Economist's Commentary: February 22, 2008
Chain Reaction
By Lawrence Yun, Chief Economist
The inventory of homes listed for sale is very high, with about 4 million existing homes and nearly 500,000 new homes on the market. With the spring season just around the corner, when more homes get newly listed, inventory will undoubtedly rise further. High inventory is a big concern because it will further pressure home prices to fall (or lower the price growth in healthier local markets). Falling home prices will cut housing equity and as a result can cut into consumer spending. Consumers have been resilient to date — though decelerating in the fourth quarter of 2007 with spending rising 2.0% (annualized increase) rather than the better than 3% pace of the prior three years. Concerns are related to the future. Consumer spending is derived from two sources of funds — people's paychecks and from gains in asset valuations of financial and tangible assets.
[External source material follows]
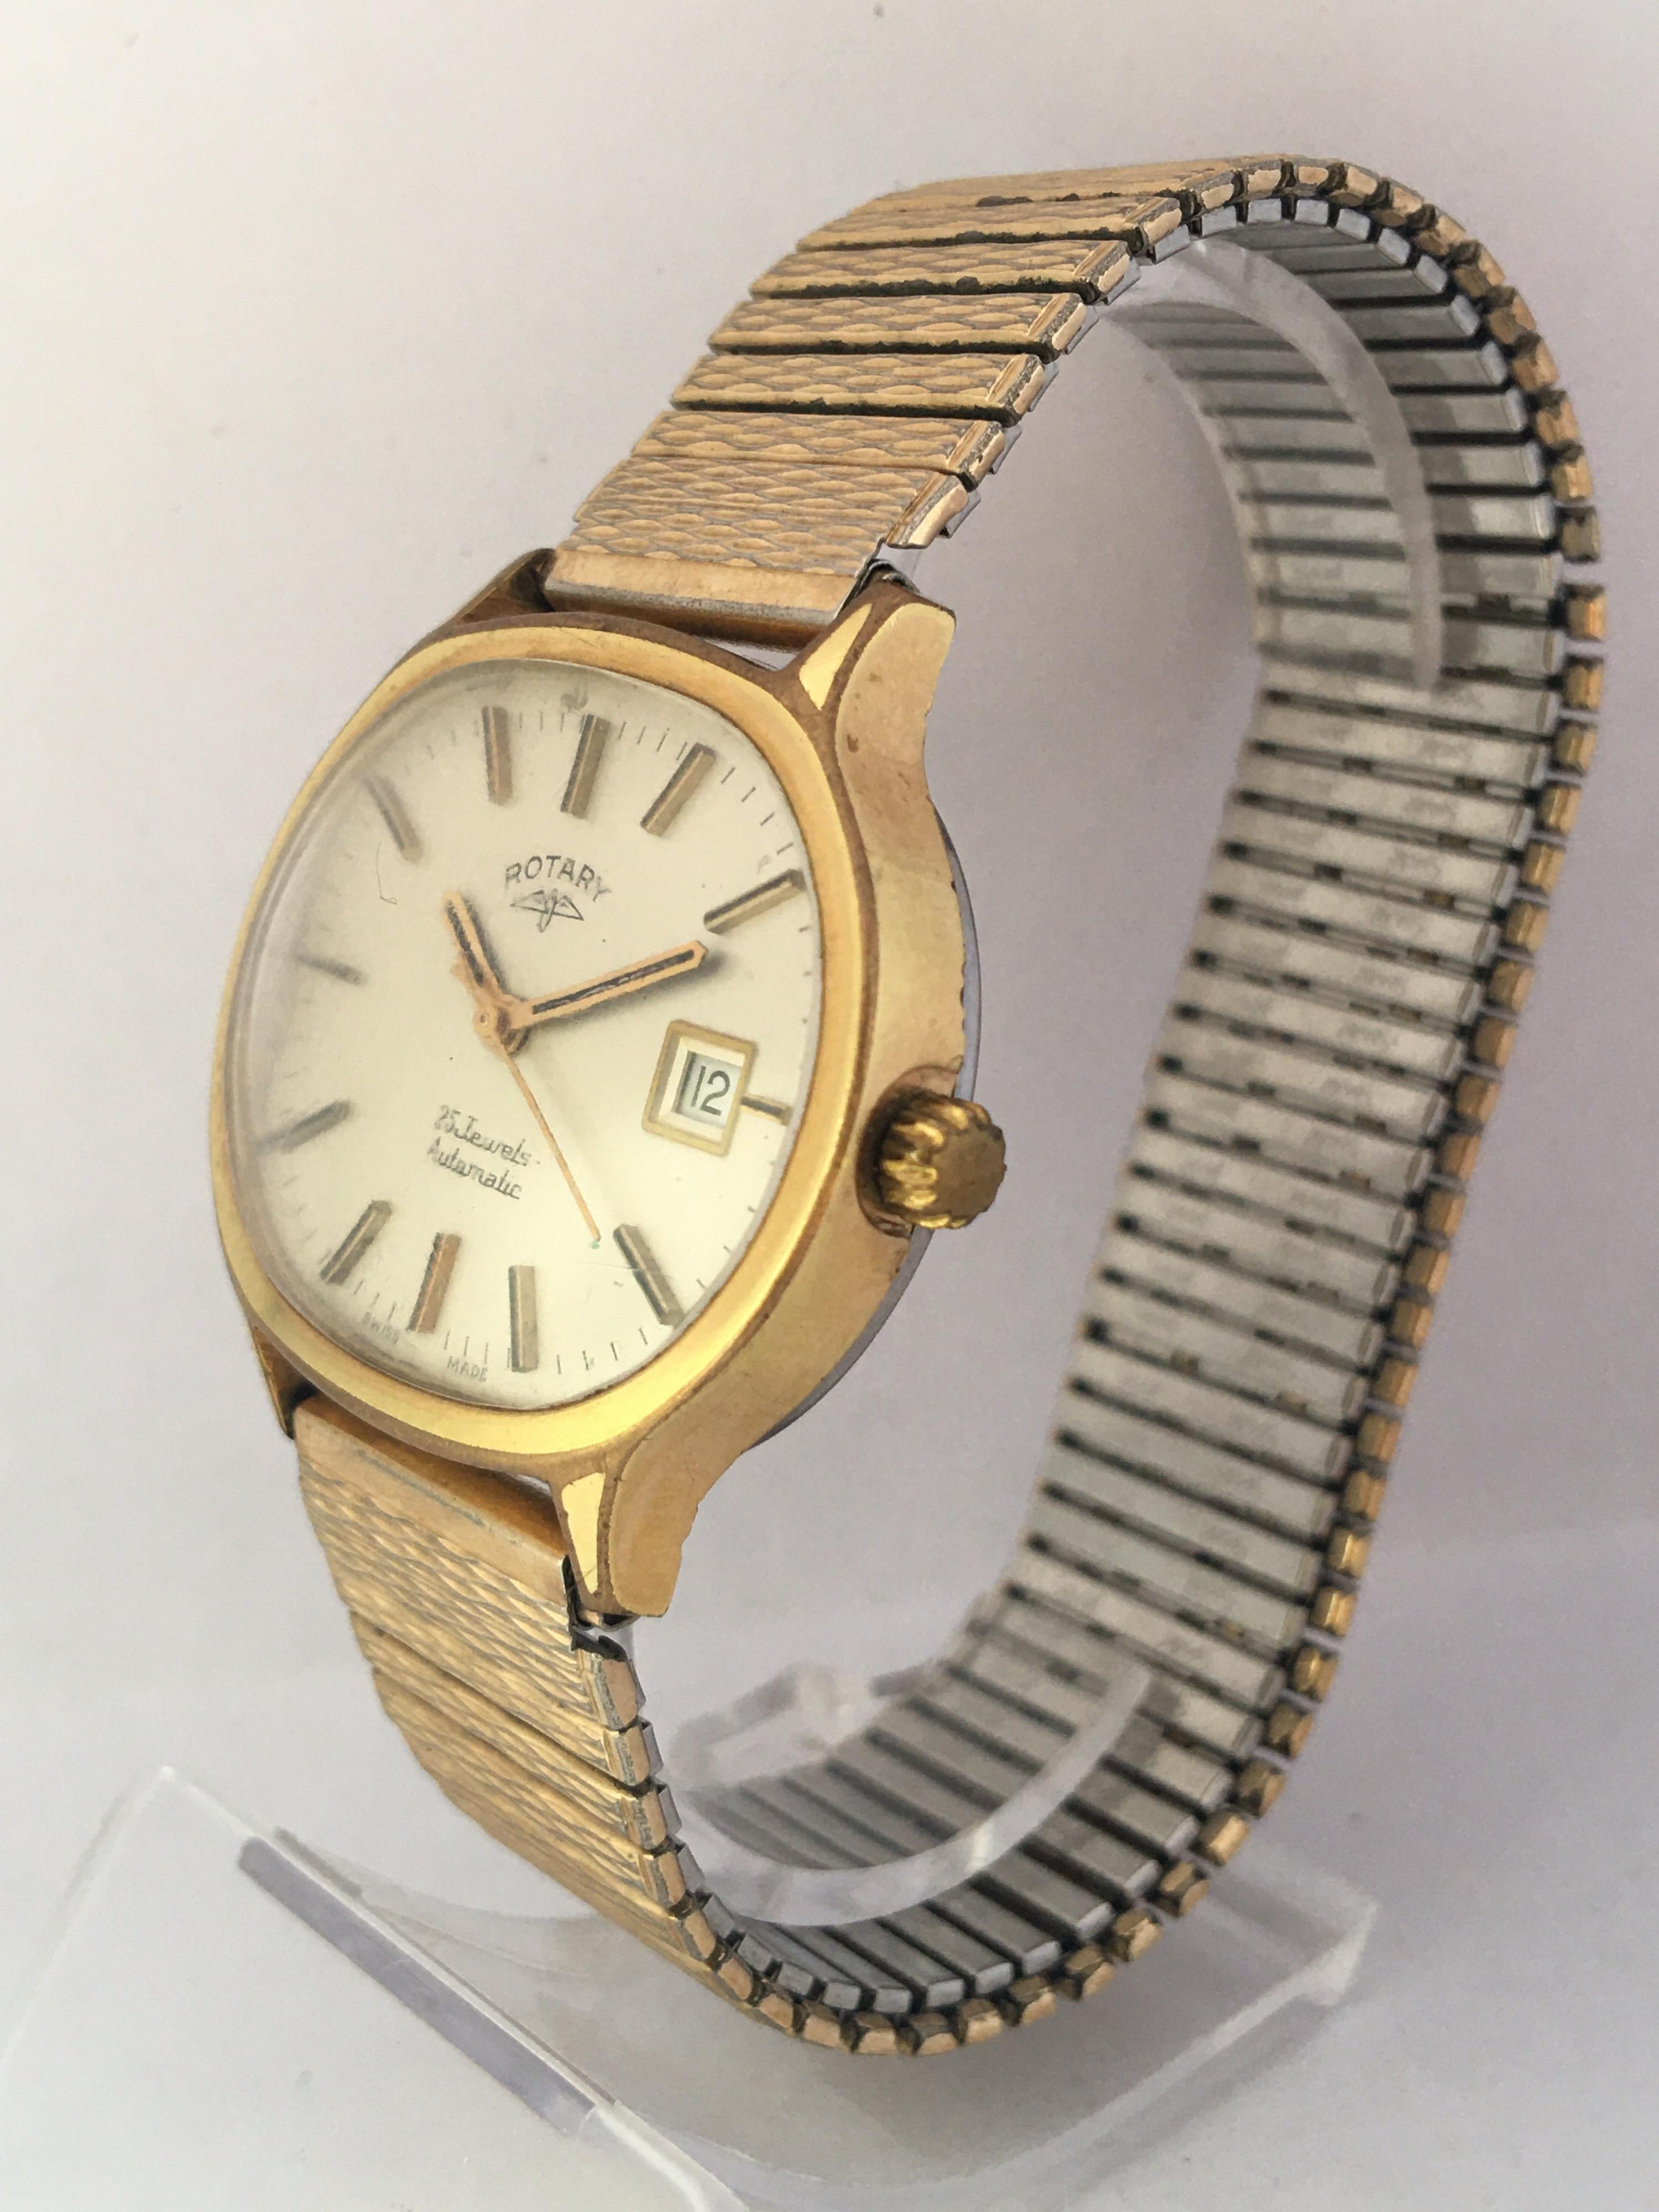 This beautiful pre-owned vintage mechanical watch is in good working condition and it is ticking well however due to its age and unserviced watch I cannot guarantee its time accuracy. Visible signs of ageing and wear with tiny and light scratches on

Paycheck disbursement has been quite good. The total salary and wage disbursement was $6.4 trillion in 2007, up $350 billion from 2006 and an additional $350 billion from 2005. However, the stock market has been volatile, while the median home prices fell 1.4% in 2007, shaving off $290 billion off housing equity, in my estimate (housing equity fell by $160 billion from its peak to the third quarter of 2007, according to the latest data from the Federal Reserve, and increased by $2.9 trillion from five years ago to current when looking at the housing boom years).
For many who purchased prior to the housing market boom, they are doing quite well, even with recent price declines. However, the decline is particularly stressful for those recent home buyers who purchased in declining markets. As a result, a shaving off of $290 billion is likely to result in a consumer spending reduction to the tune of about $25 to $35 billion, based on a reasonable assumption of research papers pointing to a drop of 8 to 15 cents per dollar on housing wealth spending. With inventory expected to climb through the spring season and possibly into early summer months, the bloated inventory can further pressure prices to go down and even further negatively impact consumer spending.
Billion and trillion dollar figures are sometimes difficult to comprehend so a comparison context may be needed. $100 billion would correspond to about $1,000 per household in the U.S. A recent fiscal stimulus package was a bit over $150 billion. Post-Katrina rebuilding spending in New Orleans totaled a bit over $100 billion.
It is also possible that inventory could fall notably over the next six months. A vacant home listed for sale always applies downward pressure on home prices. The opportunity cost of carrying a vacant home is high. Thanks to homebuilders having dramatically cut production, the inventories of new homes on the market — which are vacant by definition, have trended down over the past year and a half. It peaked at 573,000 in July 2006 and now stands at 495,000. The decline, however, is small in relation to the total inventory of about 4.5 million homes on the market and well above the 300,000 to 400,000 range for new home inventory prior to the housing boom years.
The big inventory adjustment needs to take place on the existing home inventory. The homeowner vacancy rate has climbed from a historically stable rate of 1.7% in 2004 to 2.7% in 2007. However, a vast number of existing homes on the market is not vacant. Our survey of REALTOR® members about their client's listed home shows that nearly half want to sell the home for traditional reasons of job relocation, marriages, and divorces. An additional 27% indicated listing the home for wanting to trade up, but only if the current home is sold. In other words, a vast majority of existing home inventory is also a reflection of high potential housing demand. A sale will trigger a home purchase. Therefore, what is needed is some trigger to start the process of more and more home sales.
What could be the trigger that sets in motion the chain reaction?
- Buyer confidence and psychology could return at any time due to very attractive mortgage rates.
- Home prices in some markets have fallen very fast. Several Florida and California markets have experienced a15% to 20% decline in home price. Lower prices may entice buyers into the market place — if they believe most of the price declines have already occurred.
- Sales could begin to pick up in many coastal markets as a result of a higher loan limit that will go into effect in a month or two and that in turn would signal an end to the housing slide, thereby boosting consumer confidence even in areas not needing a jumbo loan.
- A financial incentive to first-time homebuyers. Perhaps, a bold move by the government - a second stimulus package - to provide tax credit or down-payment assistance for first-time homebuyers could quickly help stabilize the housing market and the rising absorption can quickly end foreclosure problems. A time limit set to the end of the year should be placed to assure people do not wait on the fence. It can be in the amount of $5,000 to $8,000, which in my estimate translates into a government tab of $10 to $15 billion. This is rather modest sum compared to other government expenditures.
Independent of government policy, it is possible that (1), (2), and (3) could bring buyers back into the marketplace. But guaranteed insurance on housing market recovery can be made from implementing (4).
This is one in a series of commentaries by the Research staff of the National Association of REALTORS®.